On World Whisky Day, we help you better understand your favourite alcoholic beverage
There may have been times when you’ve wondered why your favourite spirit is spelled in two different ways on different bottles. Some spell it with an ‘e’, while others forgo the extra vowel. What does this mean, and how does an extra ‘e’ make a difference to what you’re drinking?
The spelling is an indication of the origins of the whisky. If it’s made in Ireland or the United States, it’s spelled ‘whiskey’, while the rest of the world, goes with ‘whisky’. The plural forms are different too: whisky becomes whiskies, while whiskey becomes whiskeys.
To understand it better, we got in touch with Zaheen Khatri, Trade Advocate, Grant’s India, and Vinay Joshi, Marketing Manager, Brown-Forman (Maker of Jack Daniel’s).
What does the difference in spelling mean? “One story is that in the late 1800s, Irish Distillers started spelling it differently to try to differentiate their Whiskey from Scotland’s Whisky. At the same time, Irish whiskey was hugely popular in the US, so American distillers took their approach, and the alternative spelling stuck,” Zaheen Khatri, Trade Advocate, Grant’s India tells us.
She adds, “The old way of remembering this used to be that countries with an “e” in their name used the “whiskey” spelling. Now that France, England, and Germany are all making ‘whisky’, this rule has become obsolete.

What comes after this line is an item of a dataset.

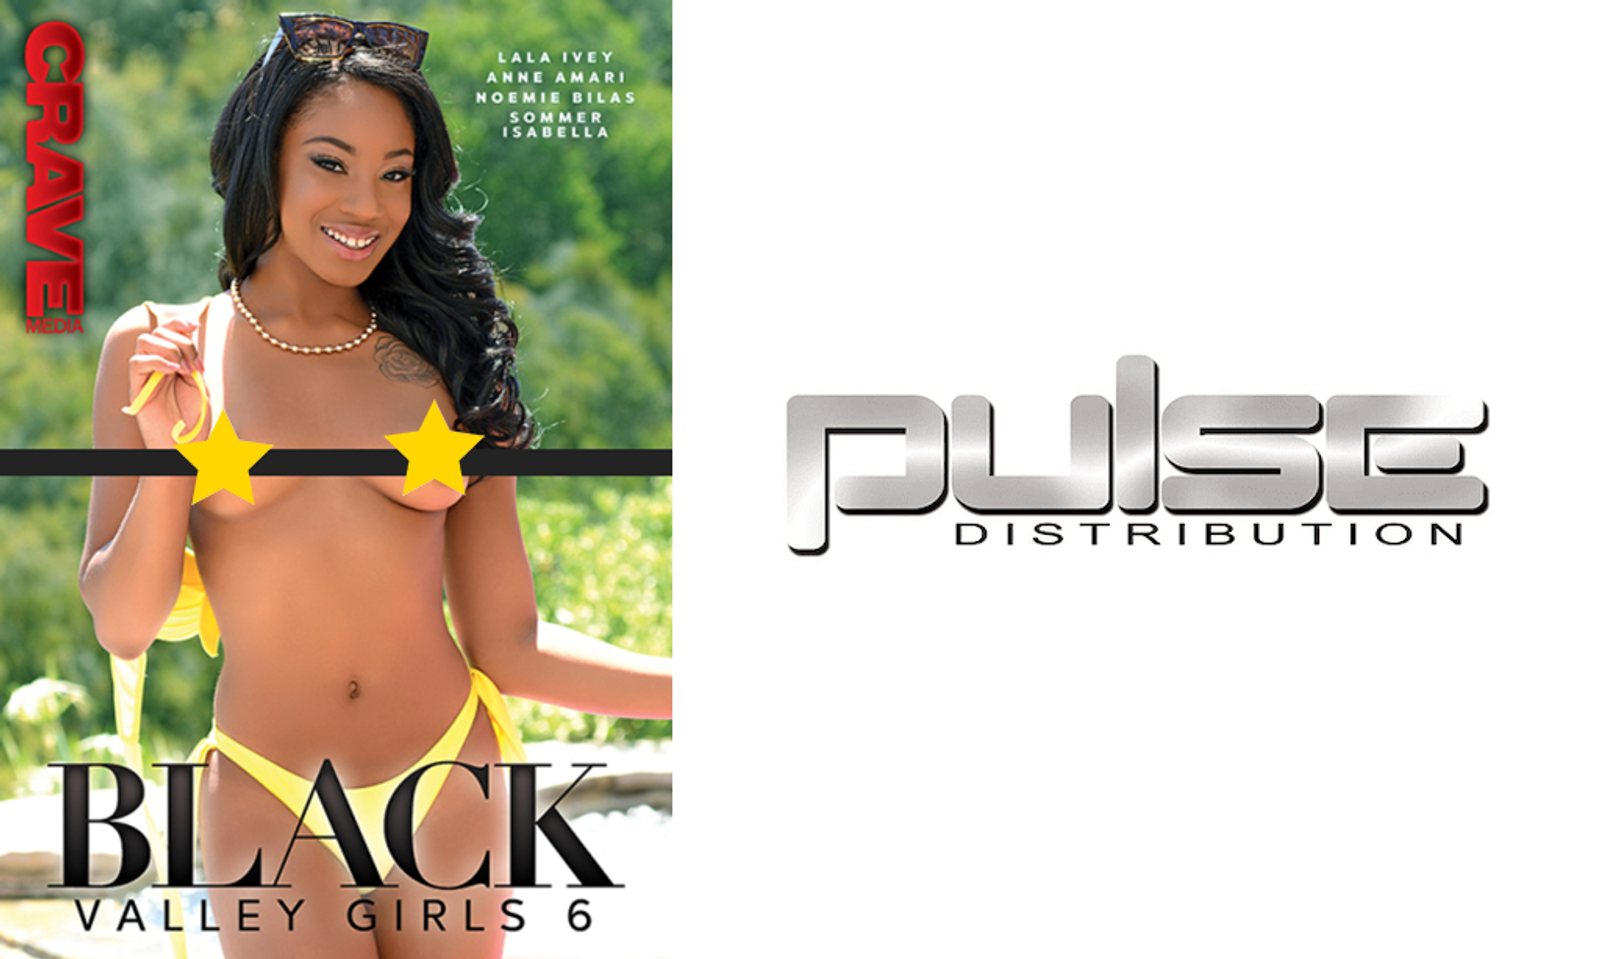 Four Ebony Beauties Star in Crave Media's ‘Black Valley Girls 6’

Today, the distinction is entirely an academic one”.
“There are many other differences as well in the characteristics of these spirits and the taste profile is quite different as well. For example, American whiskeys have a very distinct aroma and flavour which sets them apart from others. Secondly, there are some subtle differences in the production process as well. If you talk about Jack Daniel’s Tennessee Whiskey, for instance, it undergoes an extra step of charcoal mellowing where the whiskey is mellowed drop by drop through 10-feet of sugar maple charcoal,” Vinay Joshi, Marketing Manager, Brown-Forman (Maker of Jack Daniel’s) explains.
So does this have an impact on the taste? Khatri tells us, “Yes it does! A Scotch (whisky) will taste different from an Irish whiskey but that’s because each variety has a specific distillation process and even the raw ingredients vary. It’s not the spelling alone that dictates how a whisky/whiskey will taste, it depends on the manufacturing process. Blended Scotch fuses different types of single malts (Barley Whisky) with neutral grain spirits and is aged for a minimum of 3 years in oak casks, even the type of cask used dictates the aromas in the whisky. Whereas an Irish Whiskey is made from a fermented mash of cereals (corn, wheat, barley)”.
She adds, “The malted barley in Scotch whisky gives it a rounder and fuller mouthfeel with concentrated fruit aromas. Oak ageing is very essential to Scotch and imparts a delightful woody, spicy and fruity aromas. Ex-Bourbon Casks as used in our Grant’s Triple Wood, for example, to create a sweeter fruitier flavour”.
Let’s get to the colour of the spirit. Well, Scotch whisky is typically distilled twice and in copper pot stills resulting in a fuller-bodied spirit which is then matured in oak casks for a minimum of 3 years that imparts a bright gold to amber colour. The casks used have an effect on the colour of the whiskey, an ex-wine cask will give subtle burgundy hues to the liquid. Irish whiskey, on the other hand, is distilled thrice, typically uses column stills, and undergoes maturation, so the resulting liquid is lighter in viscosity and colour.